Karena, sebelumnya, 3 November 2023, KPU mengumumkan bahwa pencalonan Gibran sebagai cawapres Prabowo sudah lengkap, dan sah (menurut version KPU).
Sehubungan dengan ini, Presiden Joko Widodo patut diduga telah menyalahgunakan kewenangannya sebagai Presiden dan pengguna anggaran APBN, mengubah APBN secara sepihak tanpa persetujuan DPR, memberi Bantuan Sosial secara mendadak yang sebelumnya tidak ada di dalam UU APBN 2024.
Oleh Karena itu, Presiden Joko Widodo juga diduga kuat melanggar UU No 28 Tahun 1999 tentang Penyelenggaraan Negara yang Bersih dan Bebas dari Korupsi, Kolusi, dan Nepotisme (Anti-KKN).
Pasal 1 angka 5 UU Anti-KKN menyatakan: Nepotisme adalah setiap perbuatan Penyelenggara Negara secara melawan hukum yang menguntungkan kepentingan keluarganya dan atau kroninya di atas kepentingan masyarakat, bangsa, dan negara.
Pasal 5 angka 4 UU Anti-KKN berbunyi: Penyelenggara Negara wajib tidak melakukan perbuatan Korupsi, Kolusi, dan Nepotisme. Kalau melakukan KKN, maka Penyelenggara Negara dapat dikenakan sanksi pidana, seperti bunyi Pasal 20 ayat (2).
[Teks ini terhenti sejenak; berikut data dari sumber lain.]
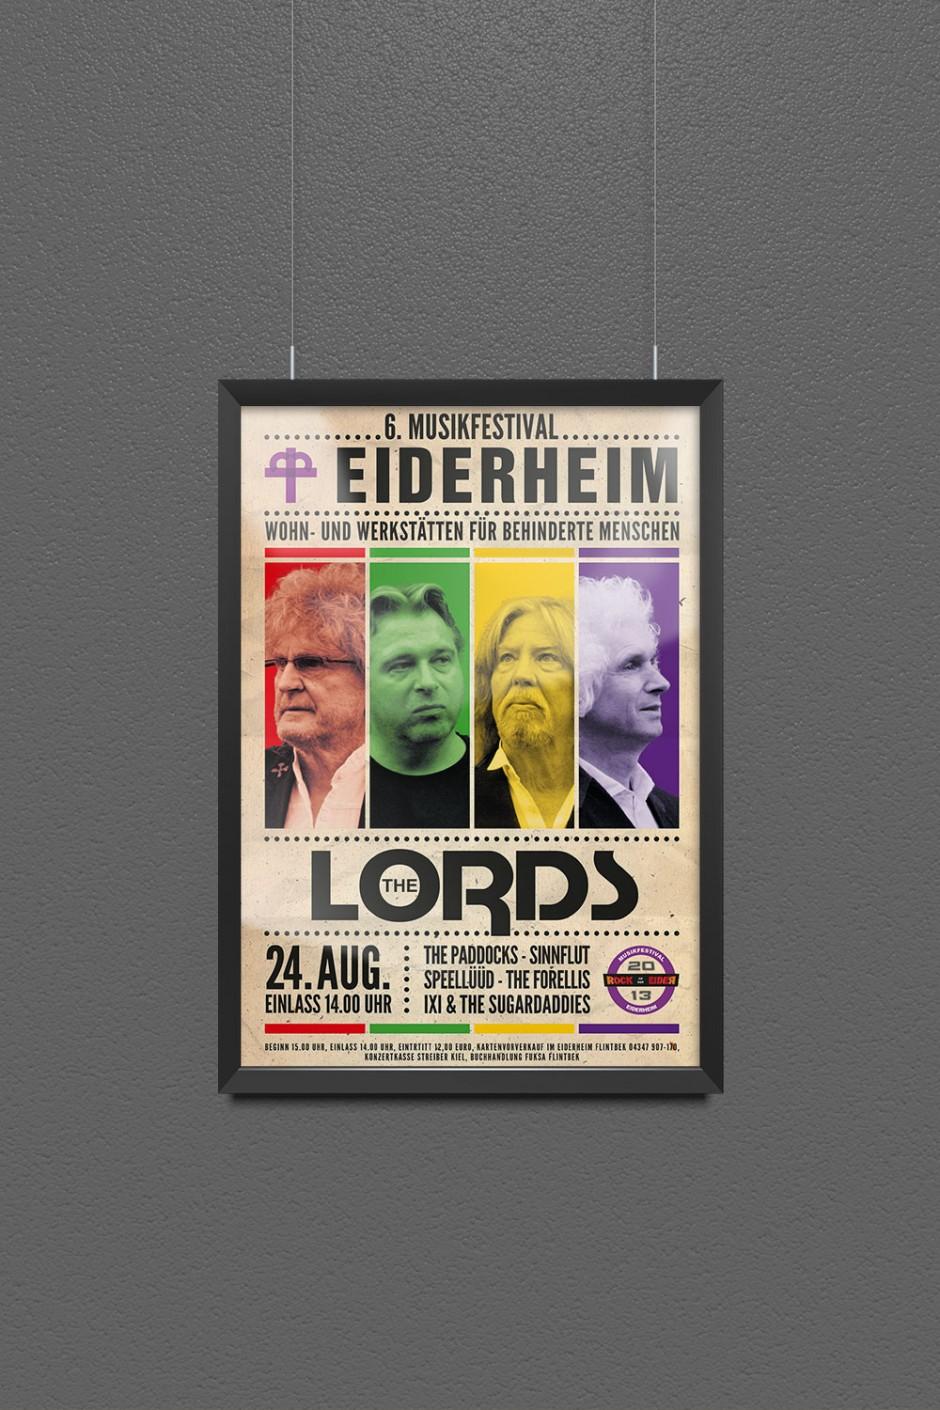 Landesverein für Innere Mission Schleswig-Holstein   Eiderheim 6. Musikfestival Poster 2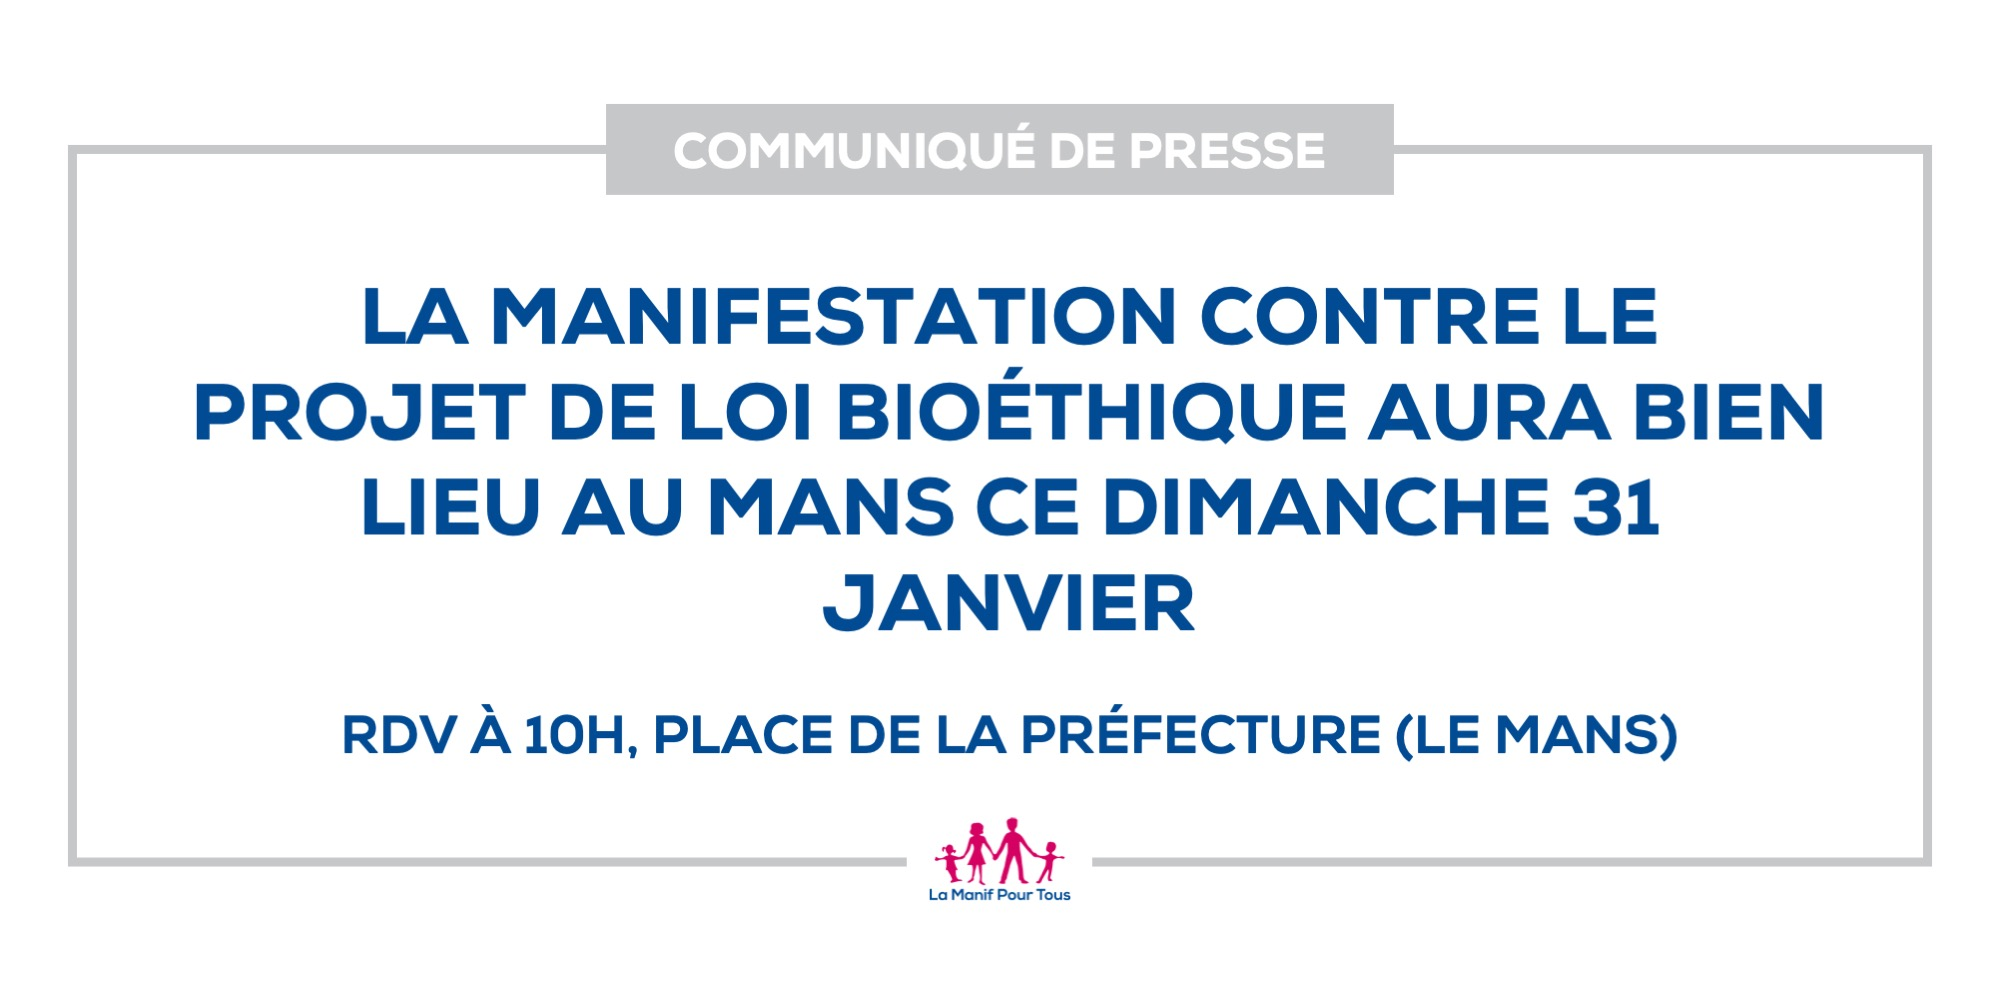 Image - La manifestation contre le projet de loi bioéthique aura bien lieu au Mans ce dimanche 31 janvier

Sulit dibantah, perpanjangan Bantuan Sosial dan penyimpangan APBN 2024 atas arahan Presiden Joko Widodo bertujuan menguntungkan kepentingan keluarganya, khususnya kepentingan Gibran. Artinya, Presiden Joko Widodo terindikasi kuat telah melakukan perbuatan KKN, sehingga melanggar UU No 28 Tahun 1999. Hal ini terbukti dari survei, mayoritas penerima Bantuan Sosial memilih pasangan Prabowo-Gibran. Konsekuensinya, Presiden Joko Widodo dapat dipidana.
Terakhir, akhir Januari 2024, Menko Airlangga mengumumkan, Presiden Joko Widodo secara mendadak juga memutuskan memberi Bantuan Langsung Tunai sebesar Rp200.000 per orang, untuk periode Januari-Maret 2024 (3 bulan), dibayarkan sekaligus Rp600.000 di bulan Februari 2024. Totalnya mencapai Rp11,2 triliun, untuk 18,8 juta penerima BLT. Hal ini juga termasuk penyimpangan APBN 2024.
Oleh karena itu, DPR wajib menggunakan hak dan kewajiban konstitusinya, hak angket, untuk menyelidiki penyimpangan APBN 2024, termasuk siapa saja penerima Bantuan Sosial Beras dan Bantuan Sosial Tunai.
Kepada DPR, dengarkan hati nurani, selamatkan demokrasi dan kedaulatan rakyat Indonesia, selamatkan Indonesia dari tangan tirani. Selamat menyelidiki!